Pthread Concepts - multithreading

I'm studying threads and I am not sure if I understand some concepts. What is the difference between preemption and yield? So far I know that preemption is a forced yield but I am not sure what it actually means.
Thanks for your help.

Preemption is when one thread stops another thread from running so that it may run.
To yield is when a thread voluntarily gives up processor time.

Have a gander at these...
http://en.wikipedia.org/wiki/Preemption_(computing)
http://en.wikipedia.org/wiki/Thread_(computing)

The difference is how the OS is entered.
'yield' is a software interrupt AKA system call, one of the many that may result in a change in the set of running threads, (there are lots of other system calls that can do this - blocking reads, synchronization calls). yield() is called from a running thread and may result in another ready, (but not running), thread of the same priority being run instead of the calling thread - if there is one.
The exact behaviour of yield() is somewhat hardware/OS/language-dependent. Unless you are developing low-level lock-free thread comms mechanisms, and you are very good at it, it's best to just forget about yield().
Preemption is the act of interrupting one thread and dispatching another in its place. It can only occur after a hardware interrupt. When hardware interrupts, its driver is entered. The driver may decide that it can usefully make a thread ready, (eg. a thread is blocked on a read() call to the driver and the driver has accumulated a nice, big buffer of data). The driver can do this by signaling a semaphore and exiting via. the OS, (which provides an entry point for just such a purpose).

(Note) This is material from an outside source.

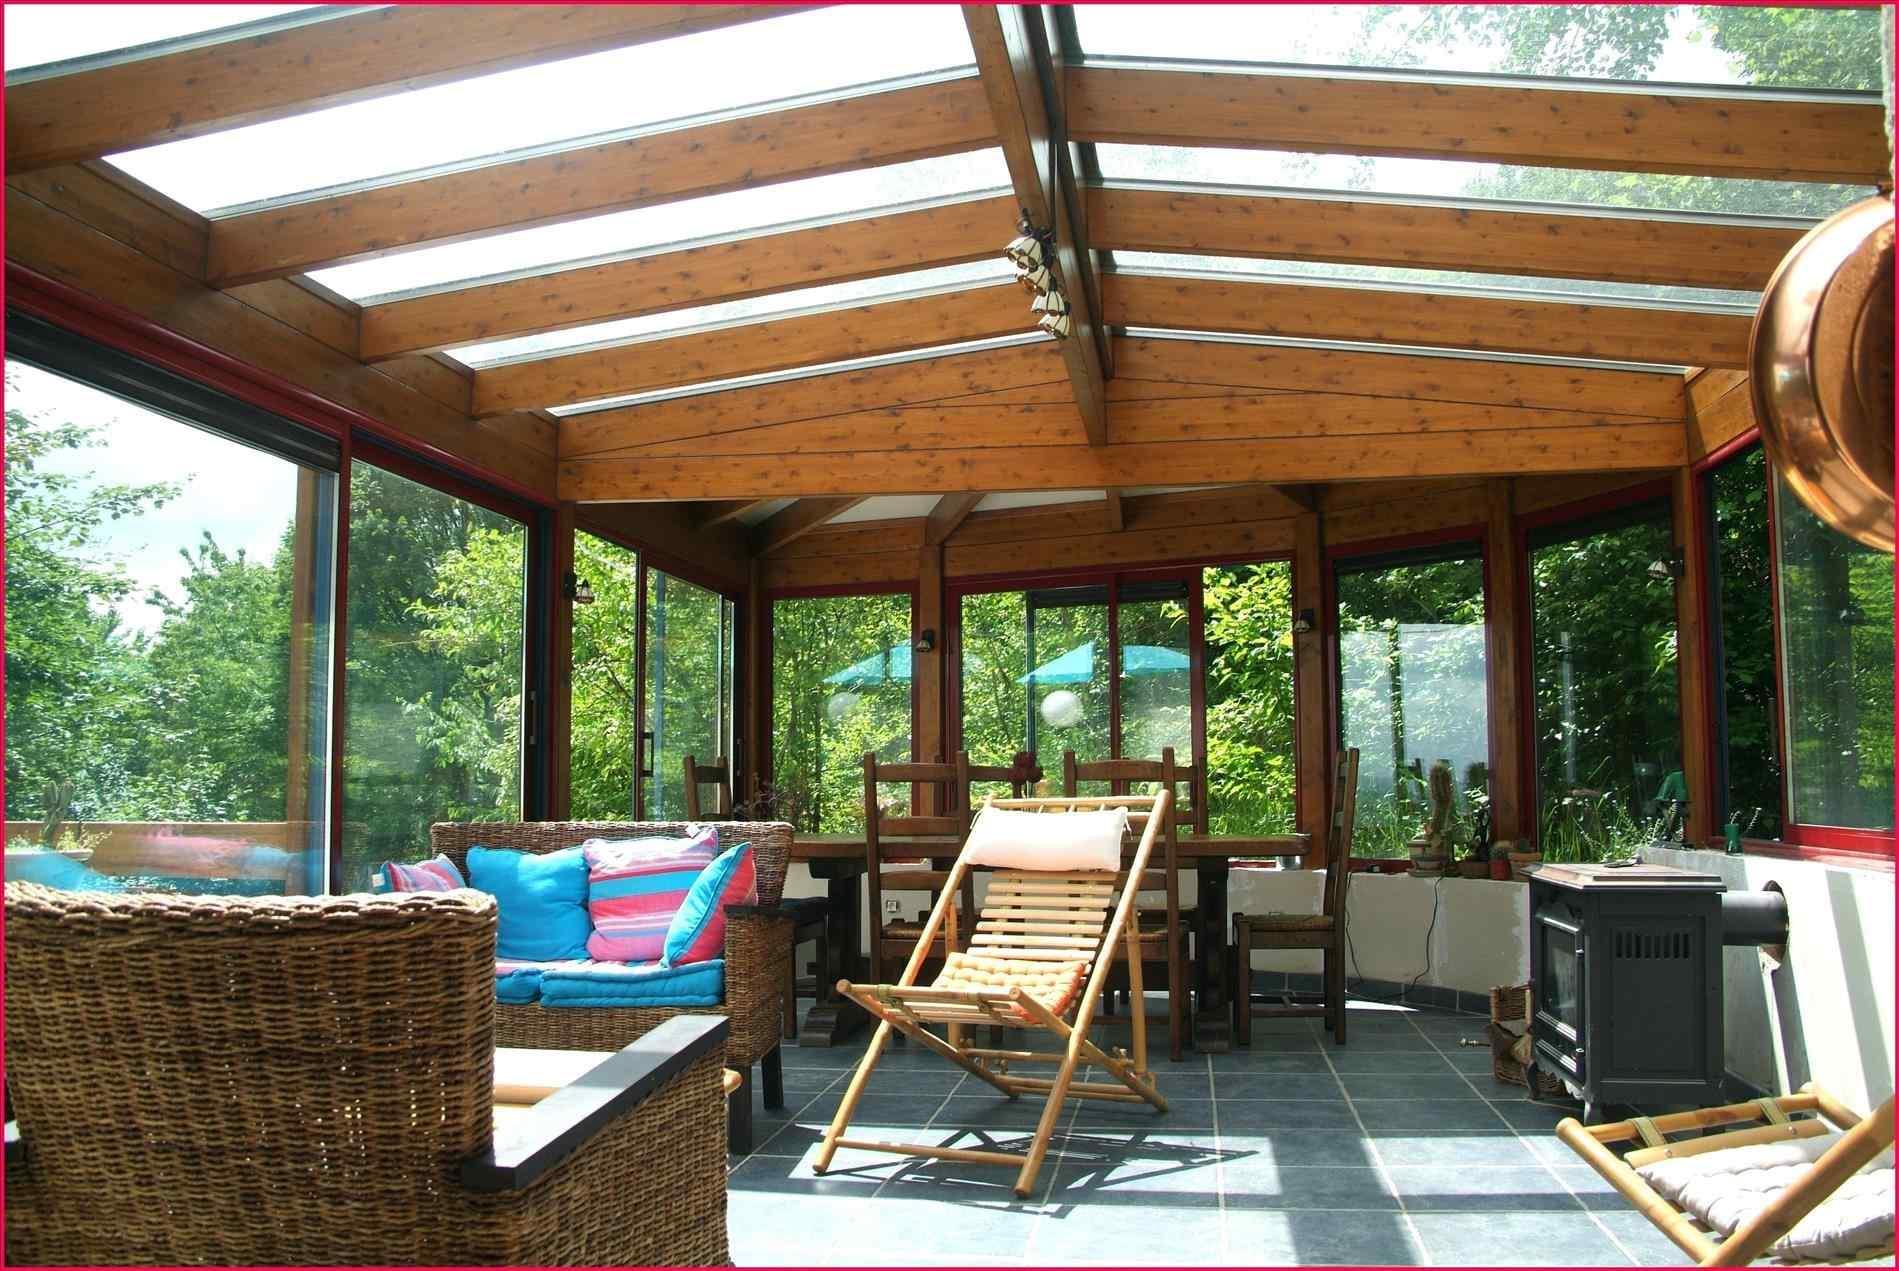 Modele veranda ouverte - veranda-styledevie.fr

This driver exit path causes a reschedule and, probably, makes the read thread running instead of some other thread that was running before the interrupt - the other thread has been preempted. Essentially and simply, preemption occurs when the OS decides to interrupt-return to a different set of threads than the one that was interrupted.

Yield: The thread calls a function in the scheduler, which potentially "parks" that thread, and starts another one. The other thread is one which called yield earlier, and now appears to return from it. Many functions can have yielding semantics, such as reading from a device.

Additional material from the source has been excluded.